Note that it's quite difficult to select a diacritical mark to format it with a different color, because you can't see what you've selected. But if you move the cursor around in the text, you should be able to figure out where you are.
Since SPEzra is a legacy font, there is no support and no guarantee that it will work in the future.
0 -
Rosie Perera said:
I would have thought it should be possible to do it using combining characters, by formatting the diacritical mark on its own red, for example, and leaving the character it combines with black. But that doesn't seem to render as I'd expect it to in Word, though the "red" codes do get inserted in the right place (as I confirmed by saving it as HTML), but even a browser doesn't render that HTML the way I'd expect it to.

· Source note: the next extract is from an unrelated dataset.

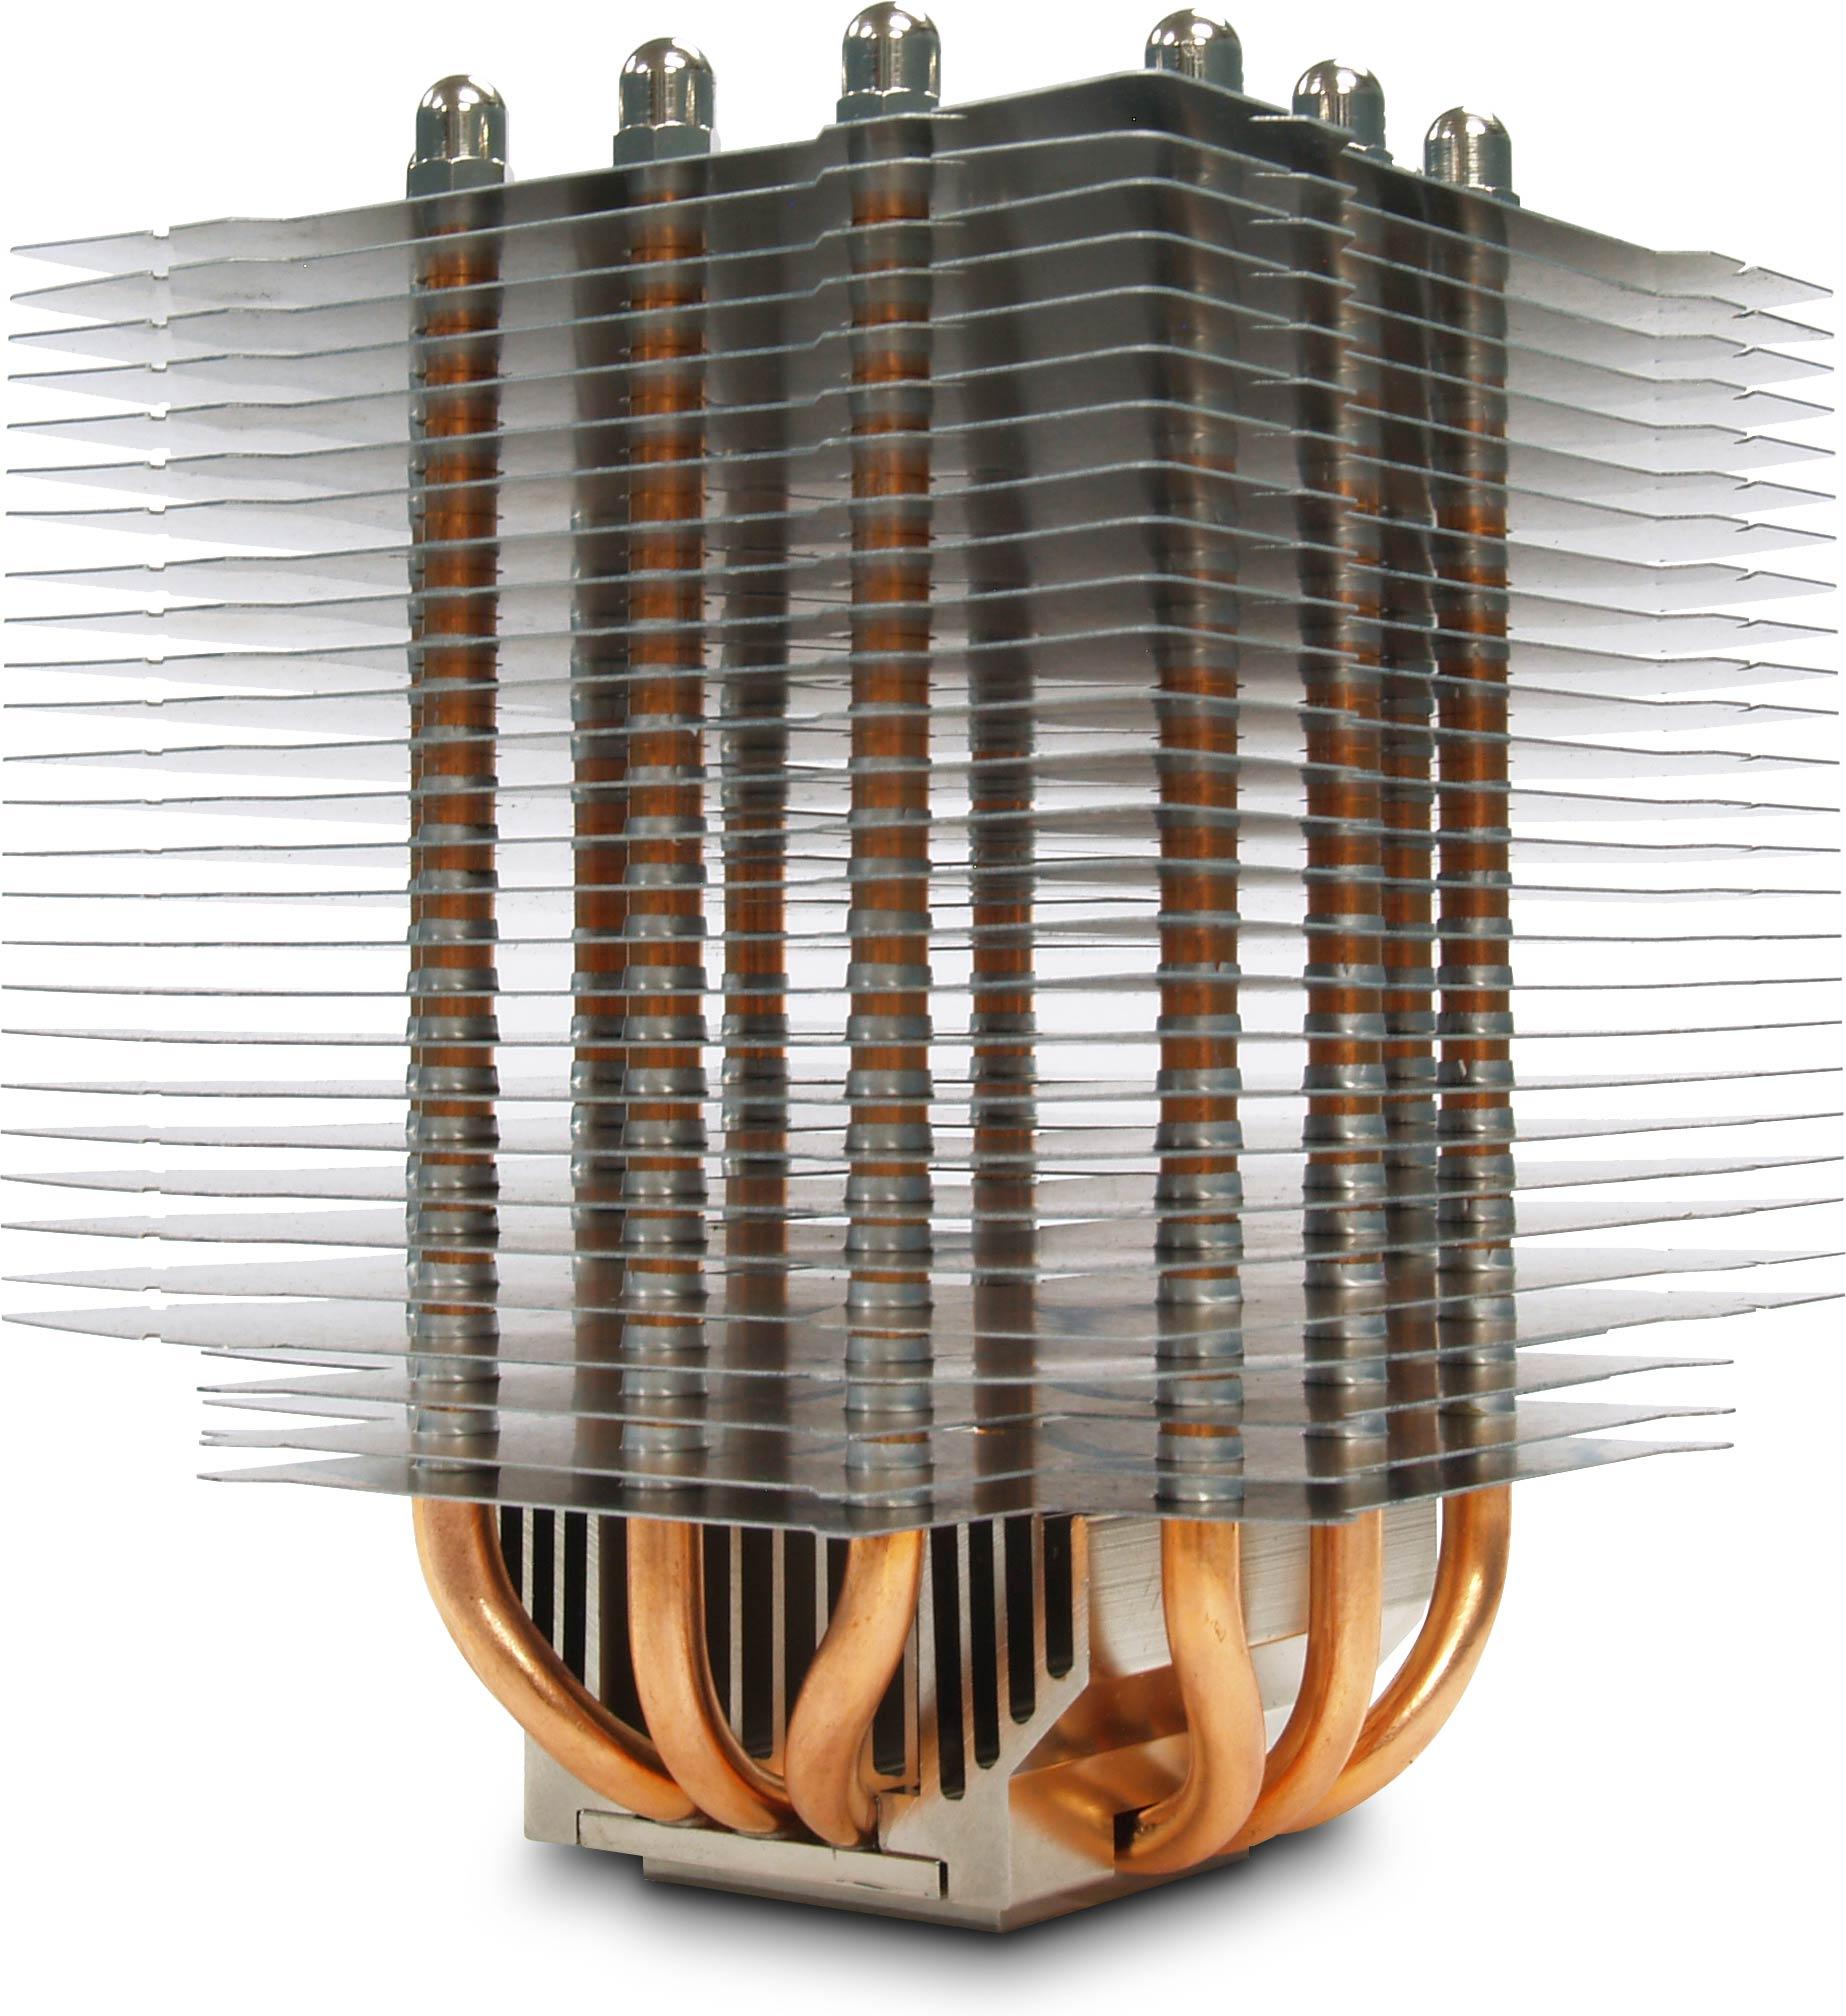 Ninja Ii Rev B Heatpipe Cpu Cooler With 120mm Fan

I'm not surprised that that doesn't work, given the complexities in laying out RTL text and positioning combining marks correctly in SBL Hebrew. I wrote some comments previously on why the Logos resource display doesn't support this feature (requested for some Hebrew grammars): https://community.logos.com/forums/p/163338/967167.aspx#967167
It's quite possible the font contains a single "precomposed" glyph for רָ in order to position the marks perfectly; in that case, there aren't even two different glyphs for the application to color independently: it's just one outline to be drawn.